Here are some highlights from each of the men’s arguments.

Leveling the playing field for humans and machines

The federal government gets about 50% of its revenue from income taxes. If robots replace the human workforce, that funding disappears, Abbott said.

“When firms automate, the government loses tax revenue, potentially a very significant amount depending on which predictions you believe about the future of automation, and potentially hundreds of billions of dollars a year in the aggregate,” he said.

Whatever impact automation does have on the human workforce, it will be hard to offset with federally-funded retraining, education, and social benefits, if the government has less money to work with, Abbot said.

Companies also pay a 6.2% payroll tax for social security [matched by 6.2% from employees]. Robots aren’t on the payroll. Even if a person is the better choice for a job, companies are going to want to automate to save money, Abbot said.

“To level the playing field for people and machines, you would need to do away with the tax advantages machines have over people or create new tax advantages for people to offset the ones [machines] have right now,” Abbott said. “A robot tax really is saying we need to tax capital more than we're taxing labor.”

Abbott suggested a variation of robot taxes, for example: raising taxes for high profit companies that rely a lot on automation.

“Yes, there's a limit to how much you can increase corporate taxes on capital gains without having problems with that, but there are also ways that you can increase the share paid by businesses of capital, and decrease that pain on labor to have a fairer system,” he said.

New technologies can benefit everyone

Avent didn’t see the same dire future of displaced workers.

“The jobs that we think might be lost to automation aren’t being lost anywhere near to the degree that we might expect or even hope at this point,” Avent said. “There's a lot of ways to look at the data and see that.”

Most robots are used in manufacturing, specifically the automotive industry.

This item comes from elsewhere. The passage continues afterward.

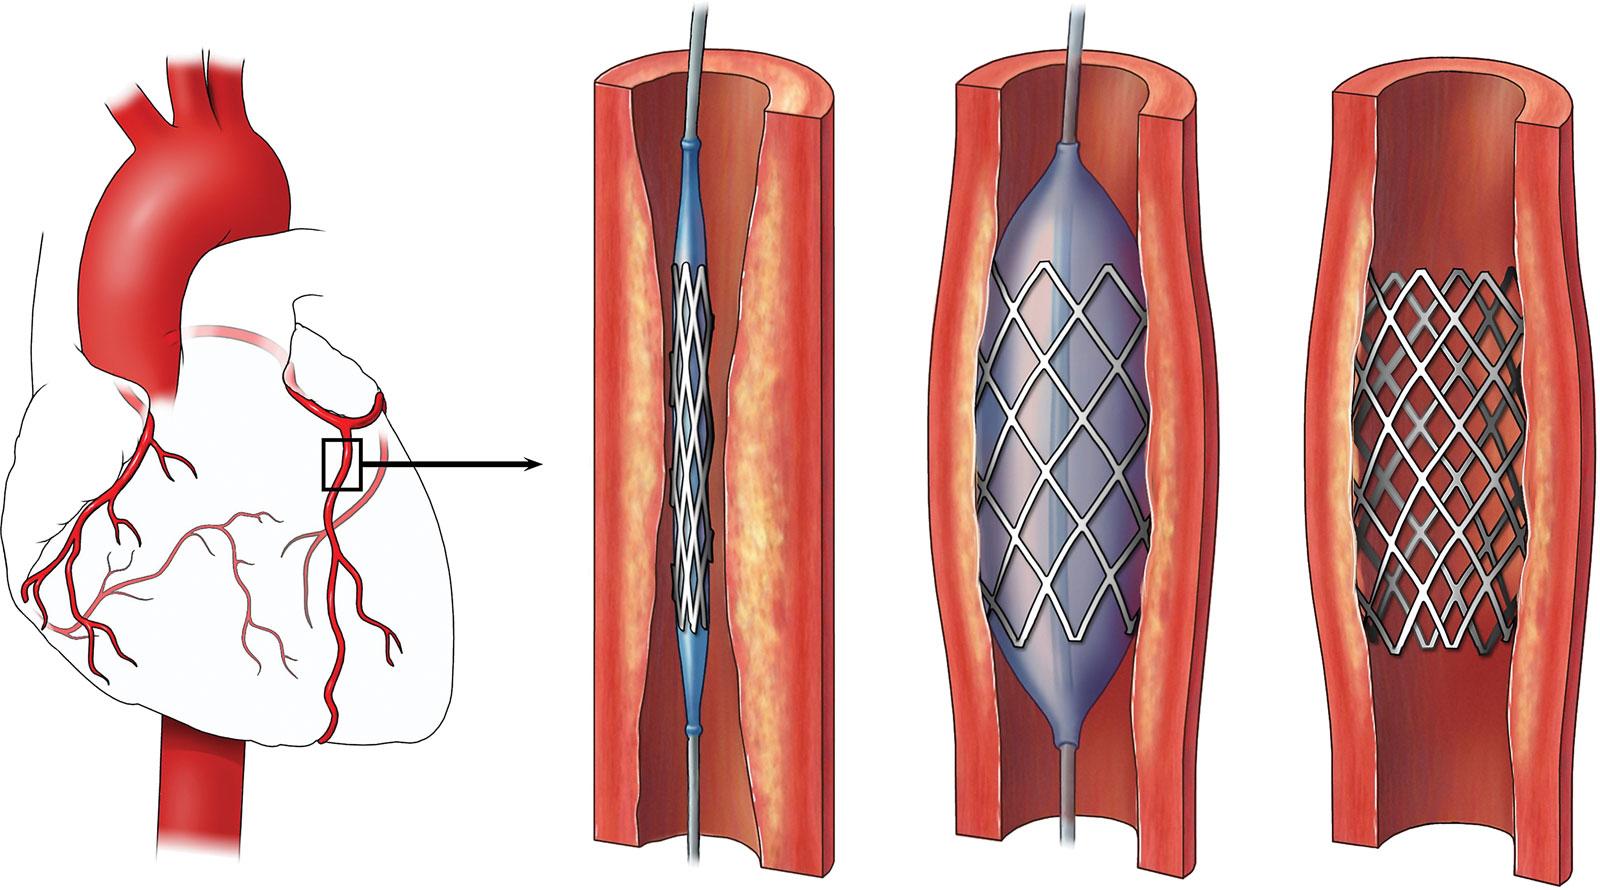 лечение инфаркта миокарда, баллонная ангиопластика и стентирование коронарной артерии

But most people don’t work in manufacturing, they’re in the services sector, Avent said.

Avent also pointed to record employment numbers in other rich countries – like Japan, Germany, and South Korea — despite their high rate of robots in the workforce.

“We also have to think about the fact that when robots are deployed in the workforce now, they're typically deployed in cases where the jobs are highly routinized, where it's very easy to kind of describe the actions the robot needs to go through,” Avent said, adding it’s not even clear those jobs are going to be available down the road, regardless of whether a robot or human fills them.

He also pointed to the Industrial Revolution to illustrate that while it can be scary to think of machines doing more things than humans currently do, in the end “everyone ends up much better off.”

“I think it would just be a shame if for lack of ideas or lack of faith in our ability to change society for the better in response to technology, we took steps to try to restrain the use of new technologies which could end up benefiting quite a lot of people,” Avent said.